Input for this task ->

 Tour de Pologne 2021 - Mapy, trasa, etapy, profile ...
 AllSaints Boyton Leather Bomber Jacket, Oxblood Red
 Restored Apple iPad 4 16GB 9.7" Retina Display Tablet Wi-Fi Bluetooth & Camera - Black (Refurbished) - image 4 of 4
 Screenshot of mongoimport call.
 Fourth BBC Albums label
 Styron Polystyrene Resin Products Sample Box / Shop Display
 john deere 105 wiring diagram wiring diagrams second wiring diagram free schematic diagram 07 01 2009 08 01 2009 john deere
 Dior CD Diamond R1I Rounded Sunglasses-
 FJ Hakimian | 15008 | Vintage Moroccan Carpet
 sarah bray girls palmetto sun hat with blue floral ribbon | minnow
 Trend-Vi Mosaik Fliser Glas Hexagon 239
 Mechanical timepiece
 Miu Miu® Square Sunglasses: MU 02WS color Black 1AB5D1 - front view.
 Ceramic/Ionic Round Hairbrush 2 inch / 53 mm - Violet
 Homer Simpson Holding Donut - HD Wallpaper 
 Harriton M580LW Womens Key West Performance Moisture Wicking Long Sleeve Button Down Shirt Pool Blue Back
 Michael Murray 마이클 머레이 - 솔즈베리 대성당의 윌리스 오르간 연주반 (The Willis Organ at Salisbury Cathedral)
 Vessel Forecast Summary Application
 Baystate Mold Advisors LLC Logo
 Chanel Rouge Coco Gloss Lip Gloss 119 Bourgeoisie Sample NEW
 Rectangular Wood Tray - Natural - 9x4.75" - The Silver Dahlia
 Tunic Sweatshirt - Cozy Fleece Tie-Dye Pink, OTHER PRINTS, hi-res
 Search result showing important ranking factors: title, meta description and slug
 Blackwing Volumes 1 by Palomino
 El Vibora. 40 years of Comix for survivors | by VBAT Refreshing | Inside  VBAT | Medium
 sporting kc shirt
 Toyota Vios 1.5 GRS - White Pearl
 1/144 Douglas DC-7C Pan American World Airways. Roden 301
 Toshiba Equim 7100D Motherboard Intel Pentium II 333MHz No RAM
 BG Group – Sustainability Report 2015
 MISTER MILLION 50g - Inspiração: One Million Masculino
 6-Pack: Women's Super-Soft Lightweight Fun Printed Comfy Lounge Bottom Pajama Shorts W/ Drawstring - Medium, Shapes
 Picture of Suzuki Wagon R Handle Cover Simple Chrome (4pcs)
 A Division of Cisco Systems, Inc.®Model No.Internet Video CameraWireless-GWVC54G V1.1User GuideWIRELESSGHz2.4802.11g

Work to complete -> In the listing above, start at the line with "Blackwing Volumes 1 by Palomino", go on through the line with "MISTER MILLION 50g", and copy each of those lines exactly; leave out all the rest.

Response ->
 Blackwing Volumes 1 by Palomino
 El Vibora. 40 years of Comix for survivors | by VBAT Refreshing | Inside  VBAT | Medium
 sporting kc shirt
 Toyota Vios 1.5 GRS - White Pearl
 1/144 Douglas DC-7C Pan American World Airways. Roden 301
 Toshiba Equim 7100D Motherboard Intel Pentium II 333MHz No RAM
 BG Group – Sustainability Report 2015
 MISTER MILLION 50g - Inspiração: One Million Masculino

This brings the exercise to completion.